(Recorded data)
========================================

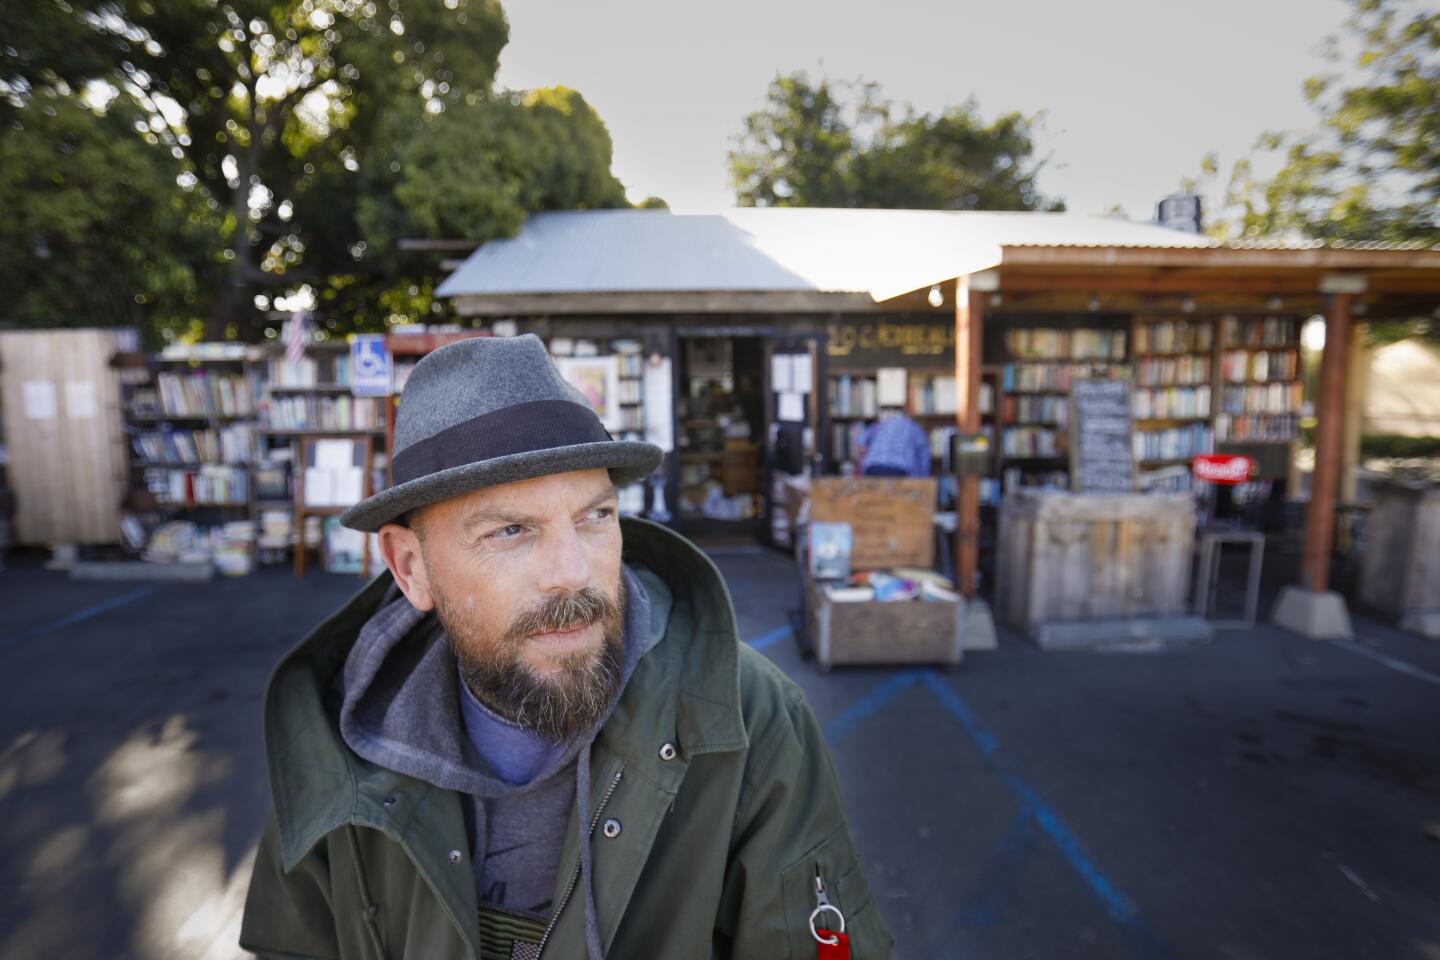 Sean Christopher, the owner of Lhooq Books, a funky vintage bookstore in Carlsbad Village sits in front of the store that is endanger of going away. Recently he received a 60-day eviction notice for both the shop and the adjoining house where he has raised his son, alone. He's hoping to achieve a stay of eviction on the property long enough to sell off his book inventory and find a new space without going bankrupt and ending up homeless with his son.
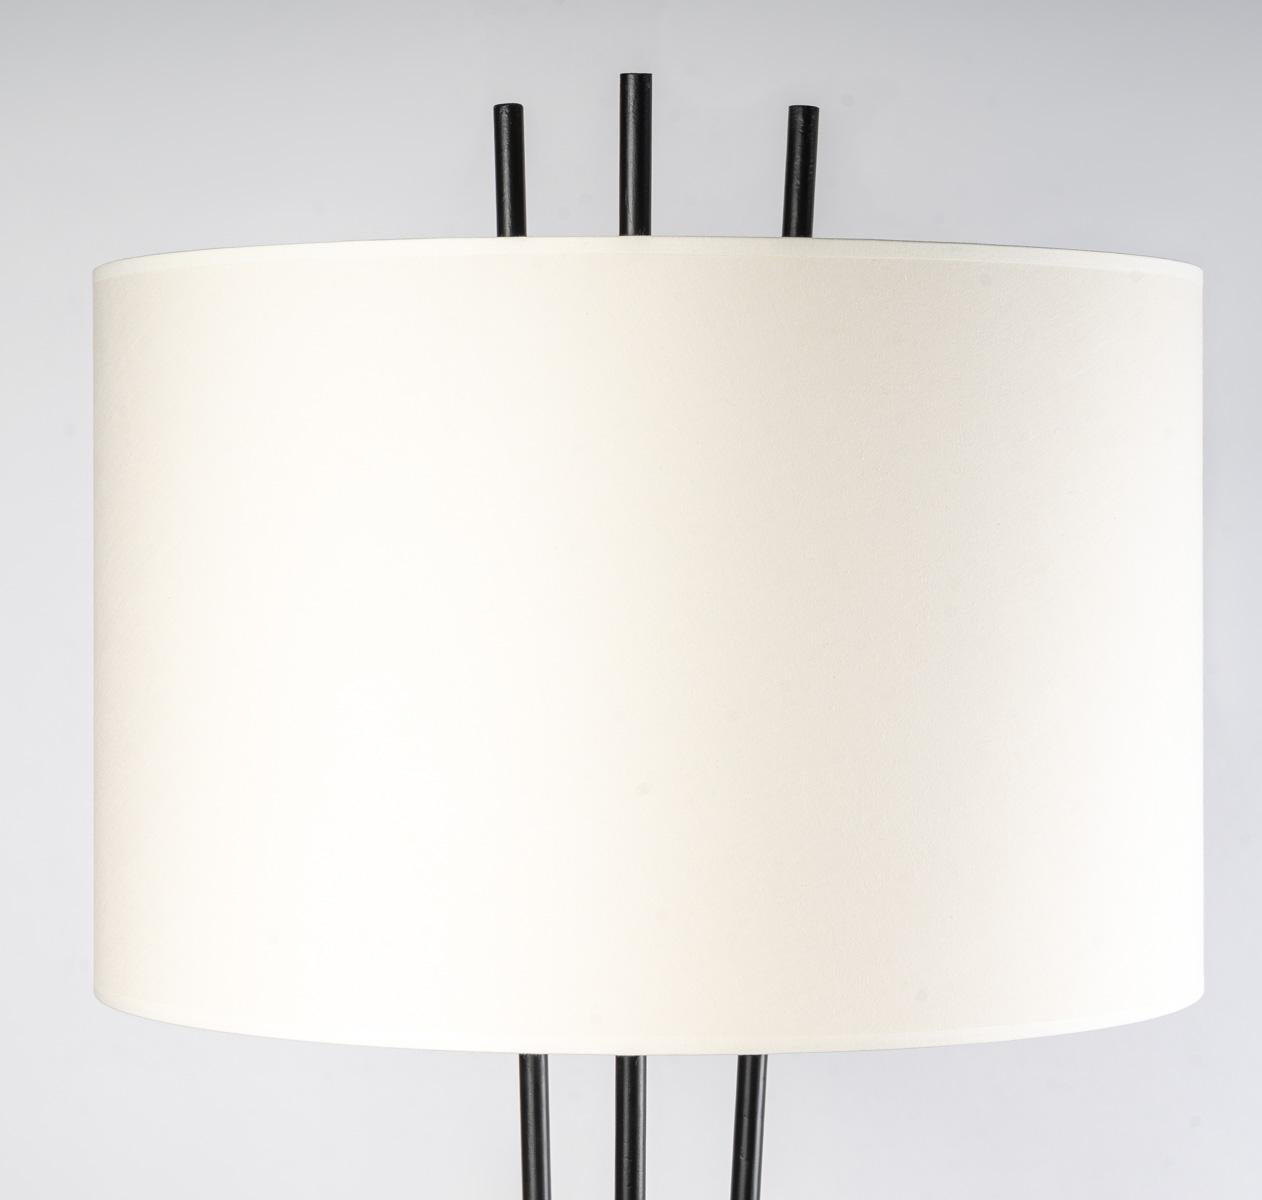 Composed of 3 long vertical rods in black wrought iron opening like a vase.
In the upper part, a large cylindrical lampshade of off-white color (lampshade redone identically) dresses up the floor lamp nicely.

In the lower part, the 3 rods meet and
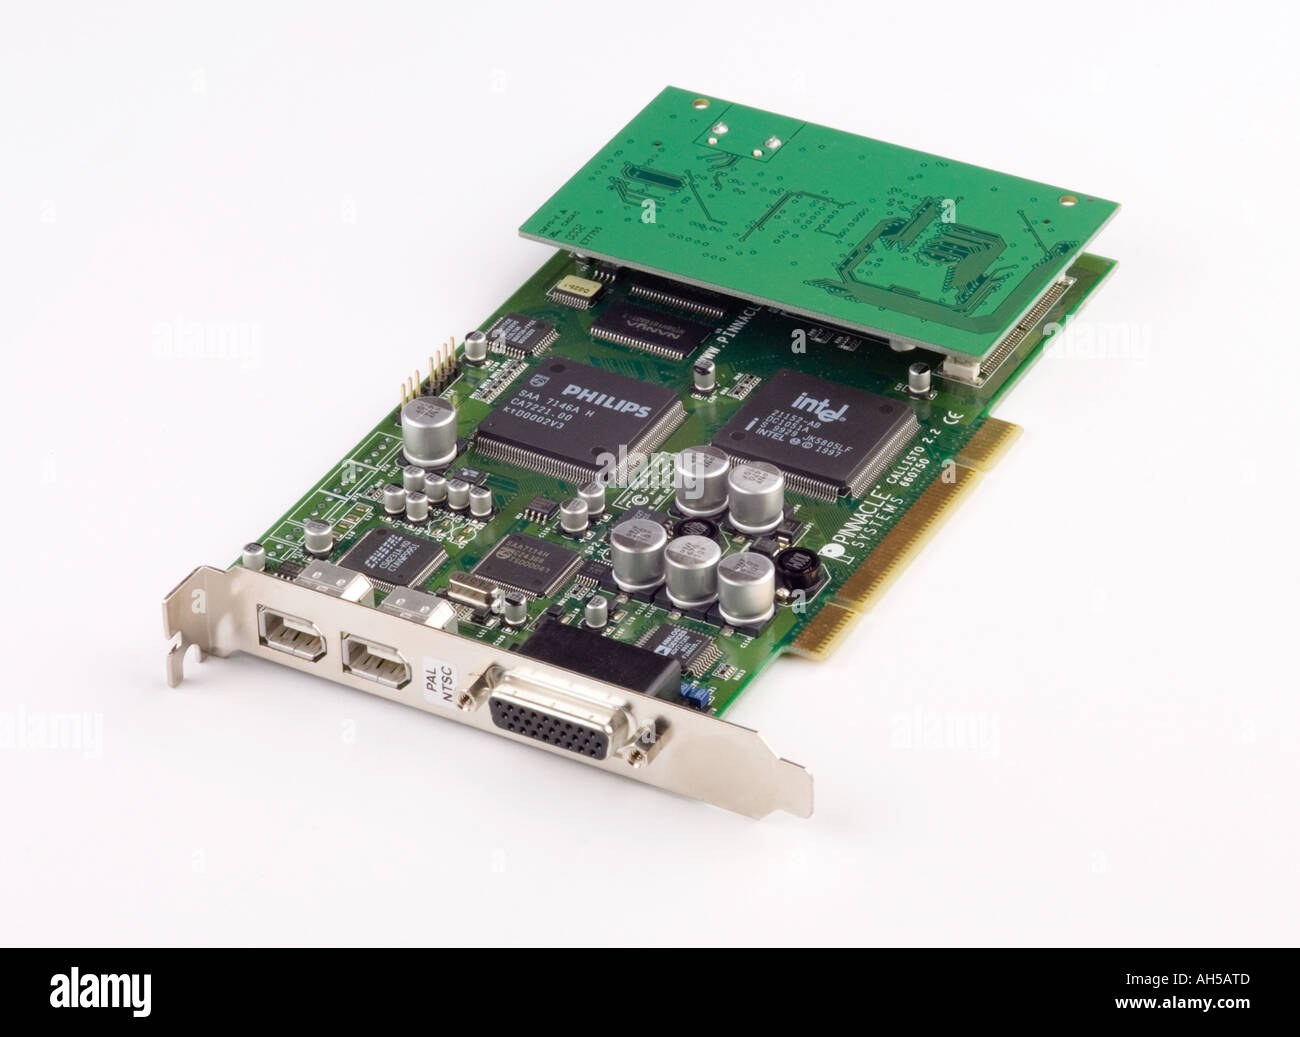 A video graphics card for a PC based computer showing various electronic components Stock Photo

========================================

**EXERCISE:**
Write out exactly, and nothing more than, the lines of the entries above from the line containing "Composed of 3" through the final line; omit any pictures.

**EXERCISE RESULT:**
 Composed of 3 long vertical rods in black wrought iron opening like a vase.
In the upper part, a large cylindrical lampshade of off-white color (lampshade redone identically) dresses up the floor lamp nicely.

In the lower part, the 3 rods meet and
 A video graphics card for a PC based computer showing various electronic components Stock Photo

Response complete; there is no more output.